Hope you enjoy it as much as I did.

44 posted on 12/17/2004 10:03:46 AM PST by Bigun (IRSsucks@getridof it.com)
[ Post Reply | Private Reply | To 43 | View Replies ]

To: heckler

It would be interesting to see a good study done on the subject.

20-25% figure is the amount that prices would decline with the replacement of all corporate income & payroll taxes with an NRST.

It is not just a result of the tax revenue legally incident on business, but the sum total effect of relieving business from the requirements to comply with the current tax code, this includes the overhead costs incured as a result of accounting, planning, costs inherent in attempts to avoid the taxes, litigation fees and fines that result from arguing with the IRS et. al. when they think you are wrong, the loss of sales that results as a consequence of higher pricing necessary to recover these costs as well as finance the tax.
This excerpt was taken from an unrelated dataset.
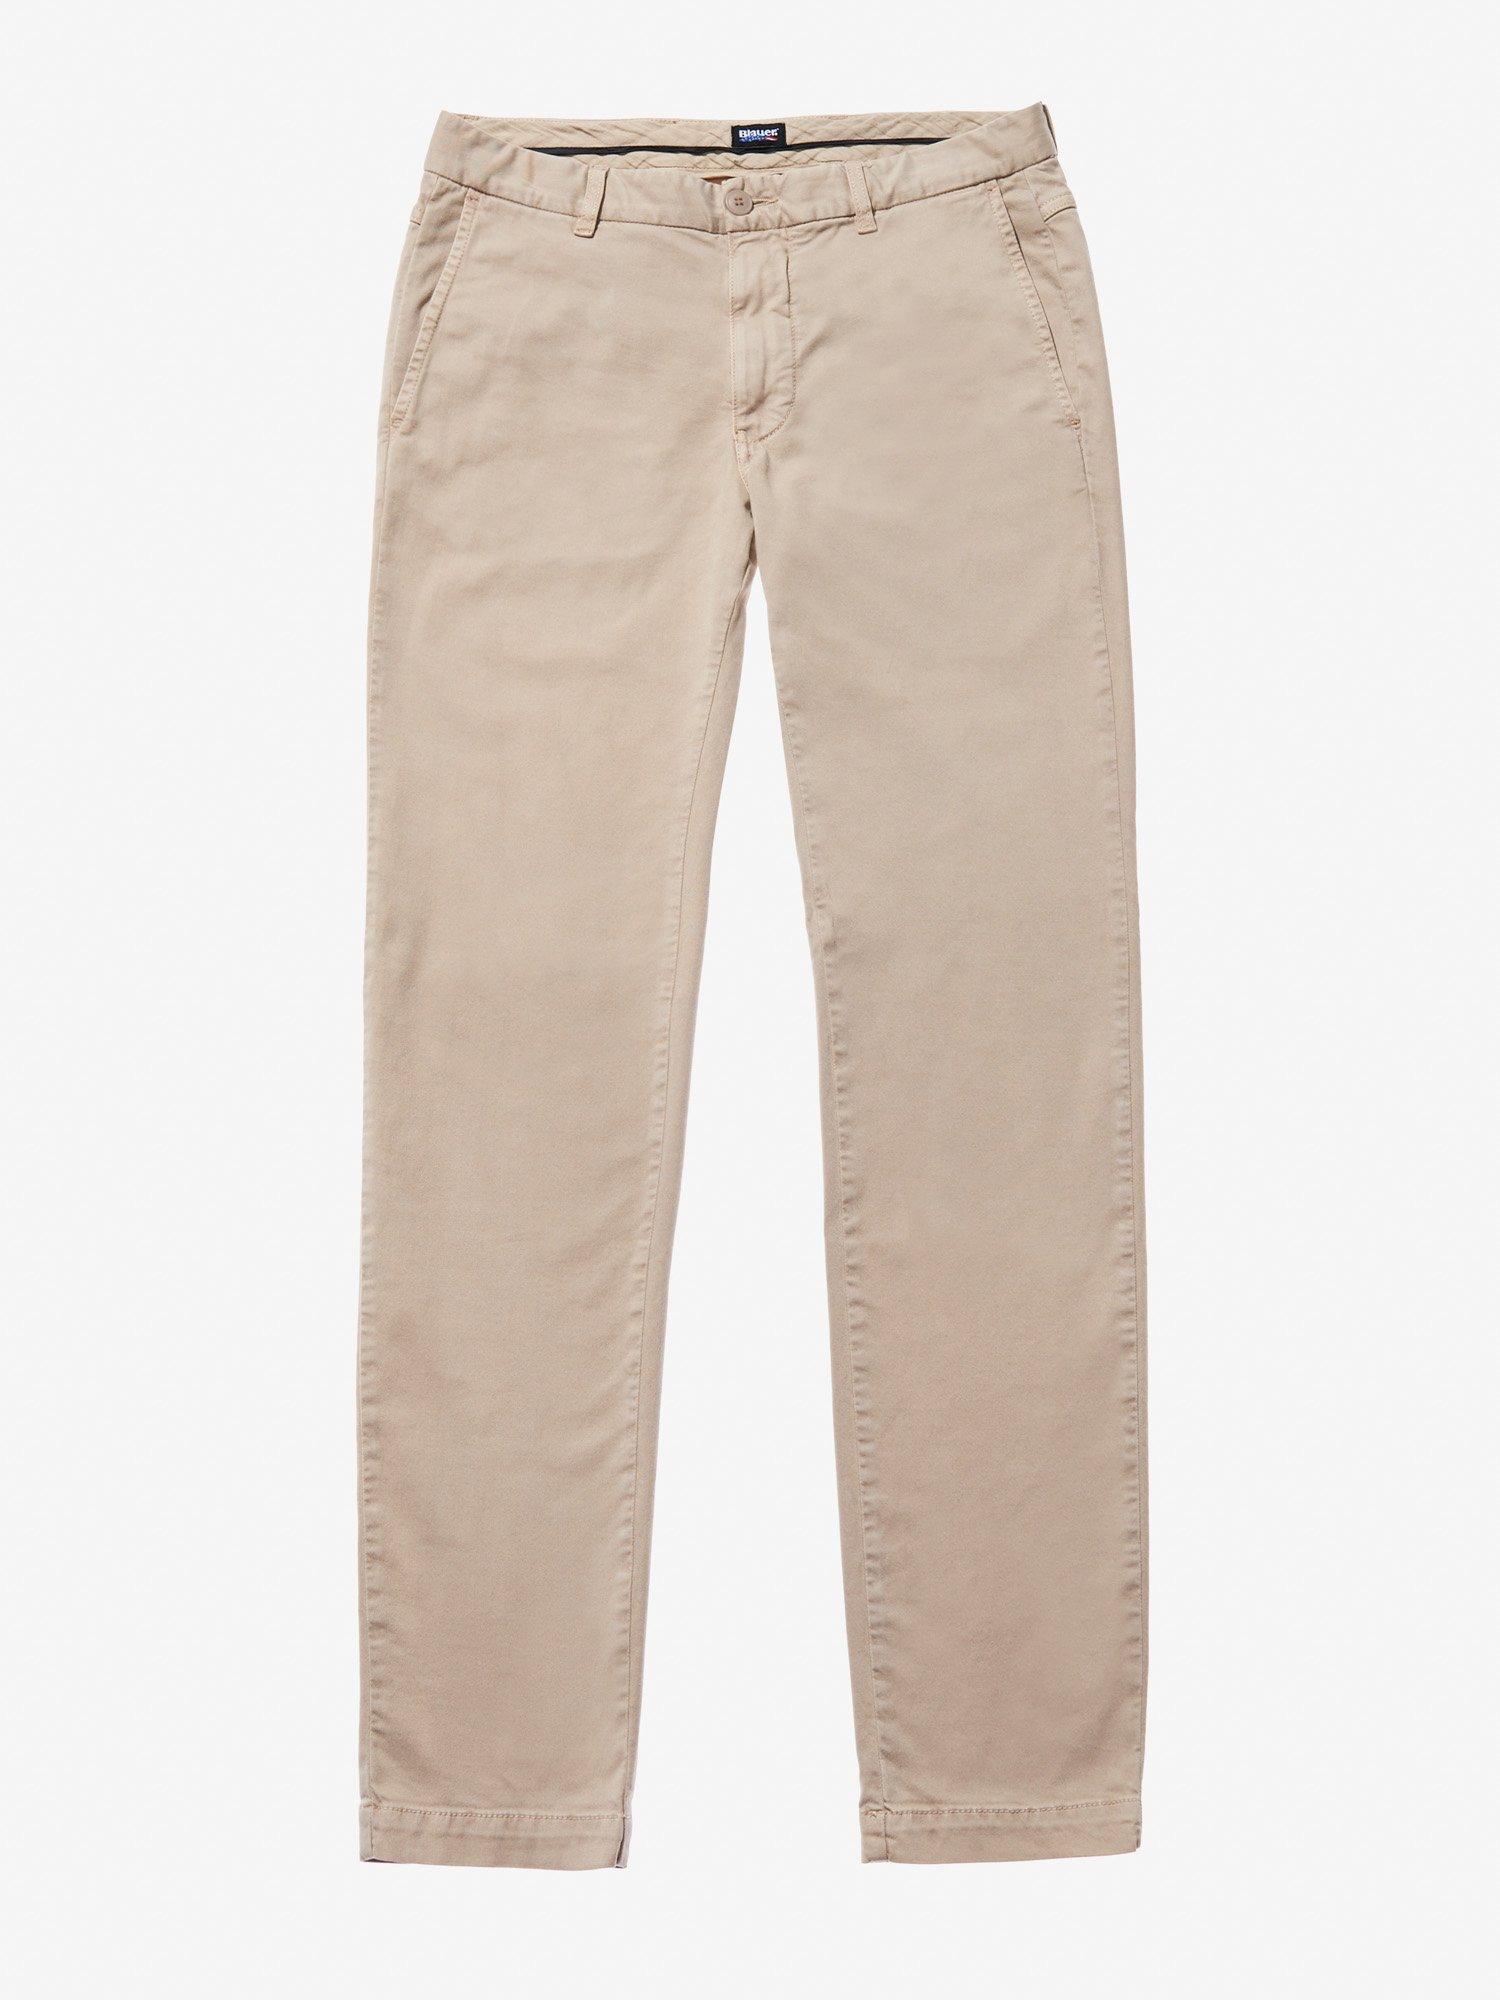 GARMENT DYED CHINO PANTS - Blauer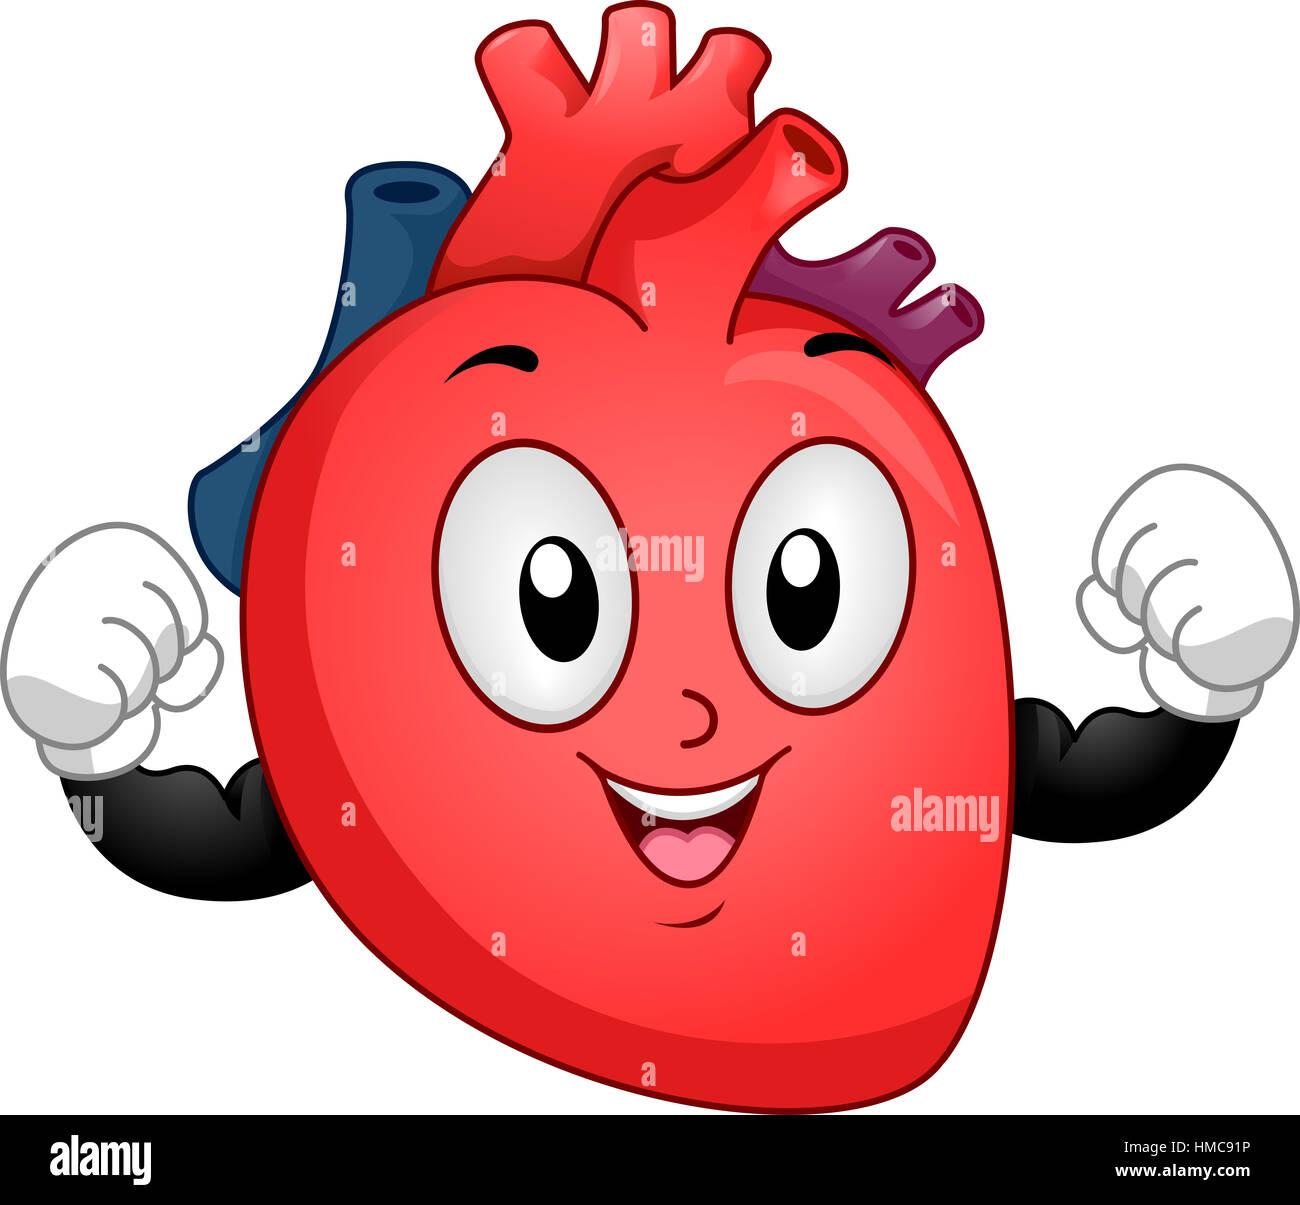 mascot illustration of a healthy human heart flexing its biceps to rh alamy com human heart cartoon diagram human heart cartoon drawing

The following comprehensive study compares the flat tax, and NRST with the baseline '96 federal tax law they would replace.

 

http://www.economics.harvard.edu/faculty/jorgenson/papers/baker.pdf

Revised April 12, 1999.
THE ECONOMIC IMPACT OF FUNDAMENTAL TAX REFORM
by
Dale W. Jorgenson Harvard University
and
Peter J. Wilcoxen University of Texas, Austin

This paper was prepared for presentation at the
Baker Institute Conference
on Tax Policy Reform
Rice University Houston,
Texas November 6, 1998


page 21:

In Hearings on Replacing the Federal Income Tax (1996), held by the Committee on Ways and Means in June 1995, testimony focused on alternative methods for implementing a consumption tax. The consumption tax base can be defined in three alternative and equivalent ways. First, subtracting investment from value added produces consumption as a tax base, where value added is the sum of capital and labor incomes. A second definition is the difference between business receipts and all purchases from other businesses, including purchases of investment goods. A third definition of the tax base is retail sales to consumers.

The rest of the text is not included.